AutoML and Augmented Analytics
Low code or code-free also means that data scientists can focus on building cool things, and not spending hours of maintenance and days of work just to ensure everything is kept running. Most data science teams will have a real mix of people: some will want to use a more code-free approach, and others will want to dive into code. Today’s platforms should offer enough flexibility to let people whip up a quick model, or get very involved ‘under the hood.’
AutoML, which has long since been touted as the ‘future of AI’ is helping to provide this flexibility. In fact, a few years ago Gartner estimated that by 2025, 50% of data scientist activities will be automated by AI, easing the acute talent shortage.”
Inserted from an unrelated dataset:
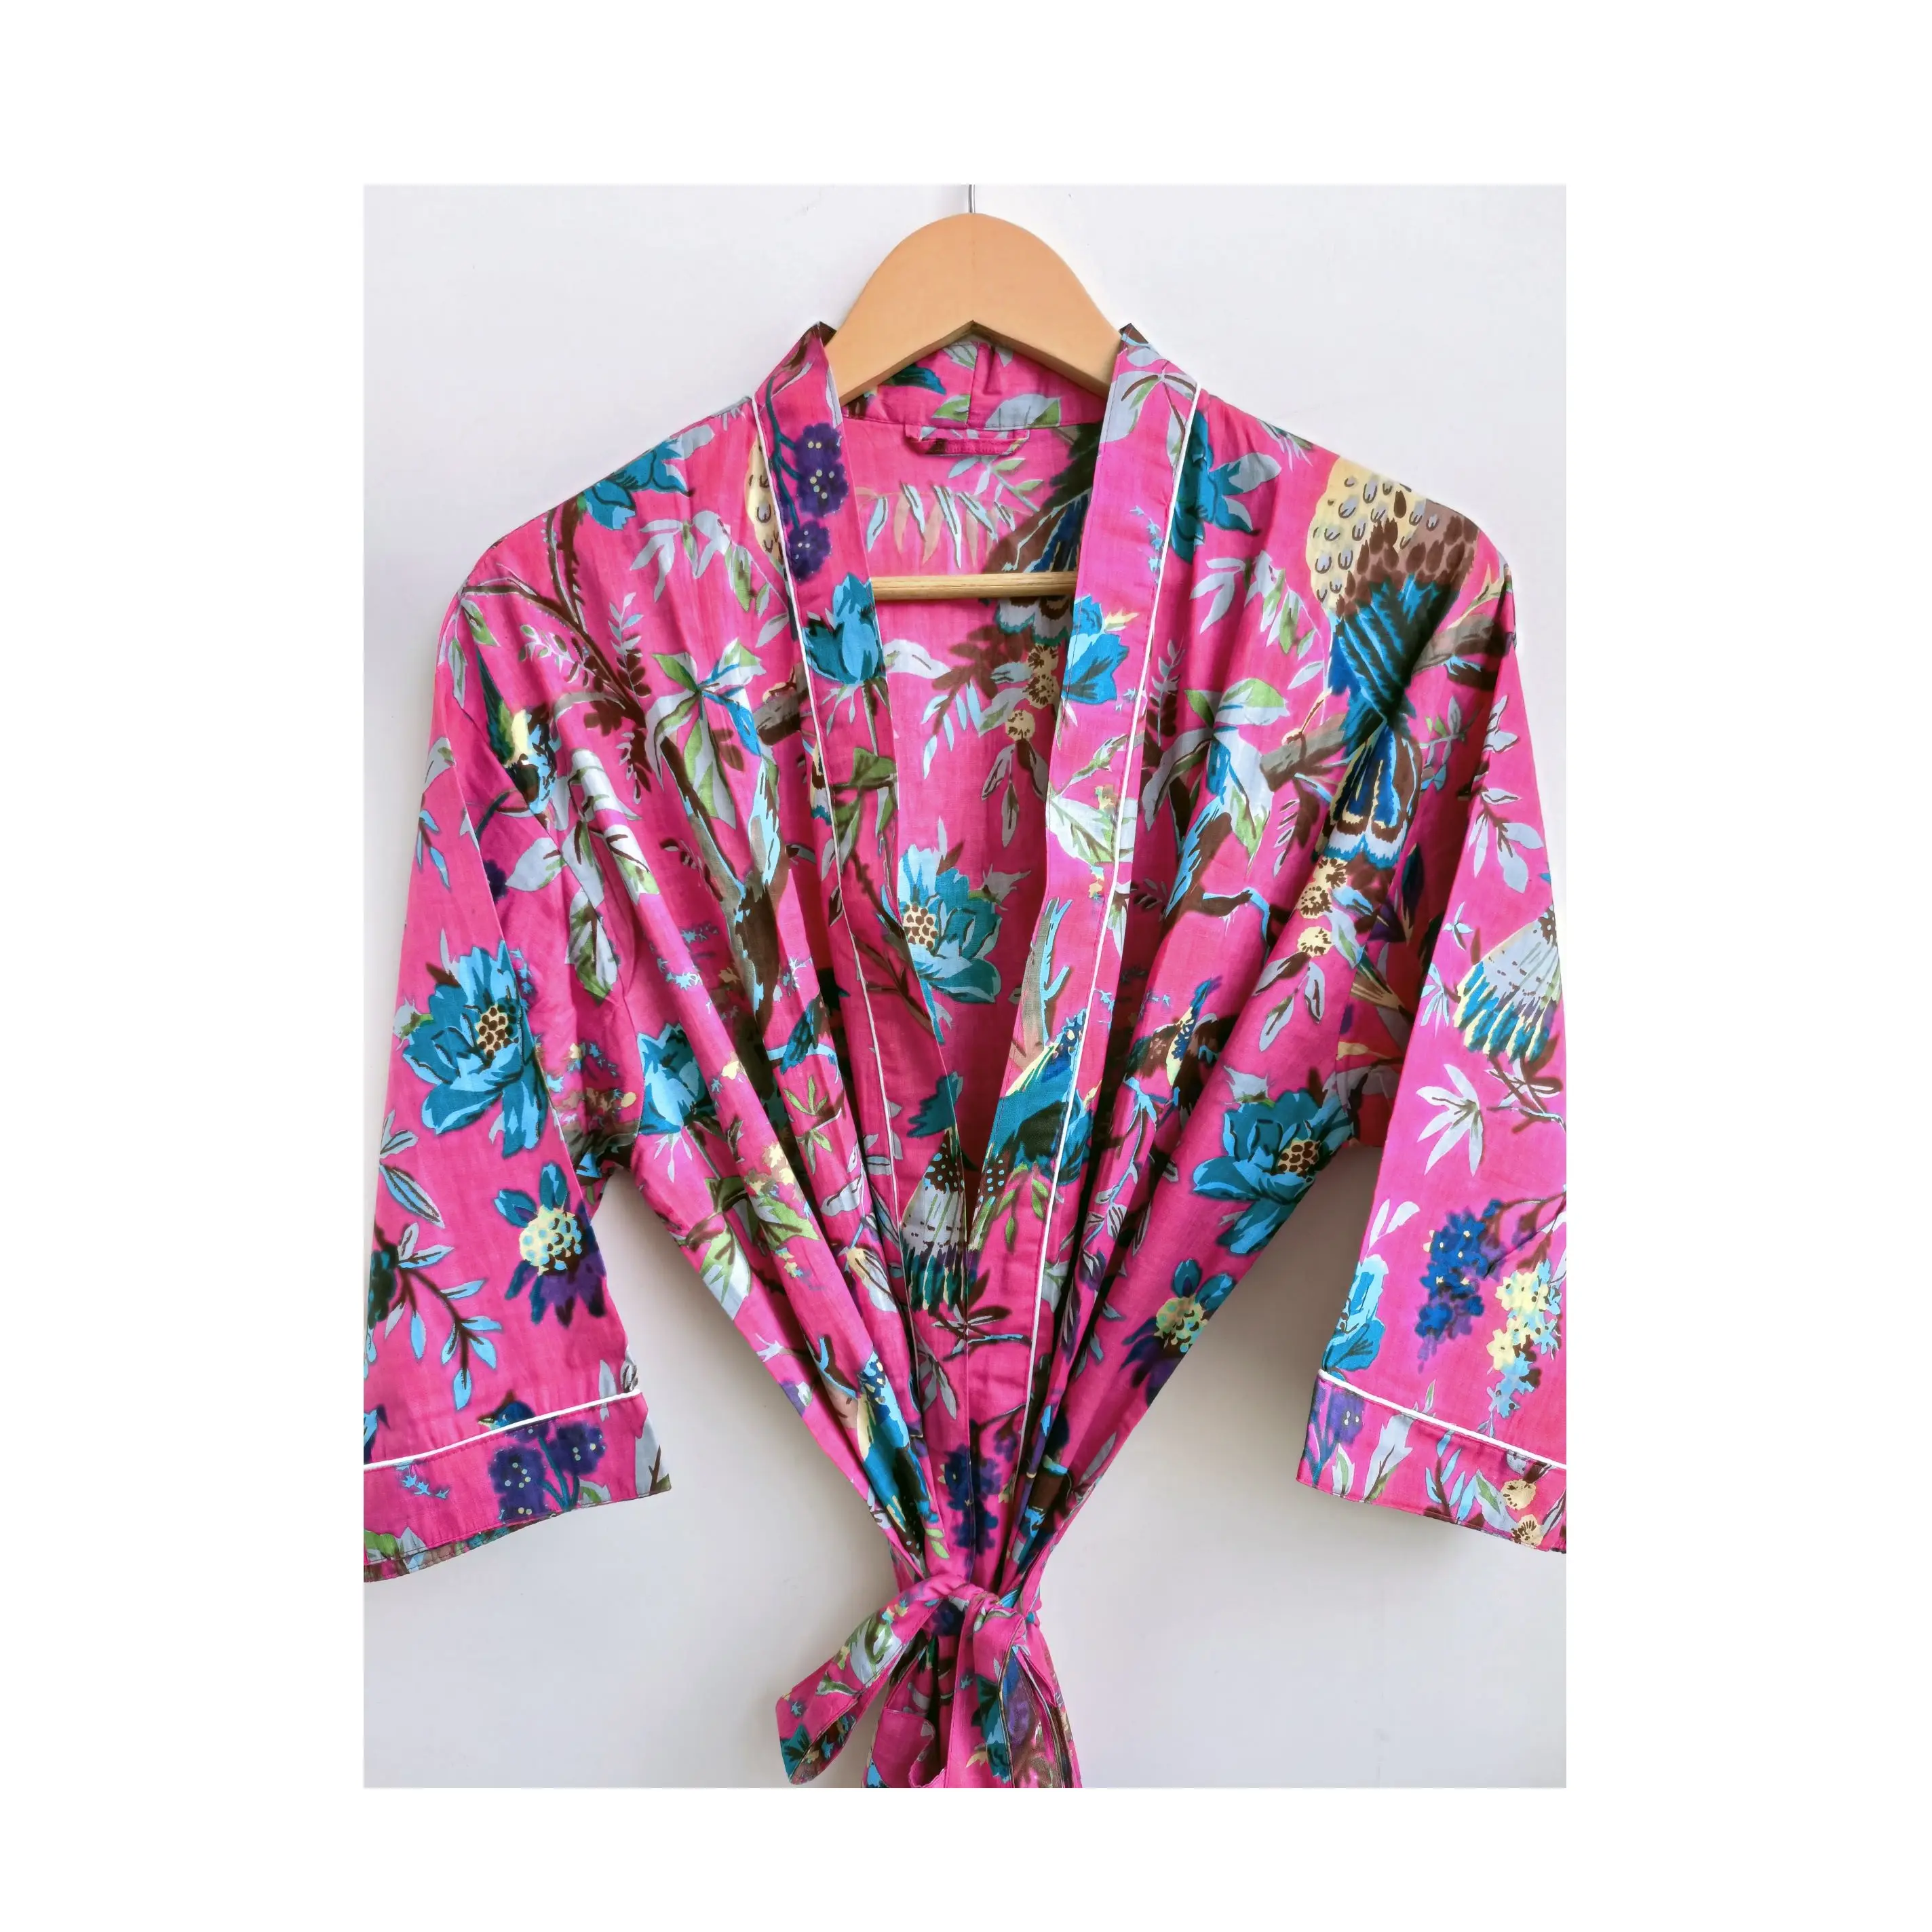 Cotton Kimono Robes Women's Cotton Gauze Nightgowns Springs and Sumer Thin Lightweighted Kimono Robes

The rapid acceleration of AutoML has spurred the application of automation to the whole data-to-insights pipeline, from cleaning the data to tuning algorithms through feature selection and feature creation to operationalisation. At this larger scale, paired with an increasing volume of data, AutoML is producing more insights in less time.
At a very high level, AutoML is about using machine learning techniques to automatically do machine learning. Yet AutoML can have a broader scope. Its development has spurred the application of automation to the whole data-to-insights pipeline, from cleaning the data to tuning algorithms through feature selection and feature creation, even operationalisation.
It’s also expanding the capabilities of the citizen data scientists, and allowing entire companies to design and implement machine learning models while easily scaling them out in production without failure or interruptions, with complete transparency.
One of the most important parts of data democratisation in an organisation is ensuring an inclusive AI strategy is in place.
Inclusive AI means not restricting the use of data or AI systems to specific teams or roles, but rather equipping and empowering everyone at the company to make day-to-day decisions, as well as larger process changes, with data at the core. The more people are involved in AI processes, more often than not, the better the outcome.
It also means integrated documentation and knowledge sharing for increased communication around bias, responsibility, interpretability, and model fairness.
Ultimately, crafting an AI strategy that is inclusive allows for the democratisation of data use across entire companies, lines of business, and profiles – technical or non-technical. This is the key to unlocking everyday AI.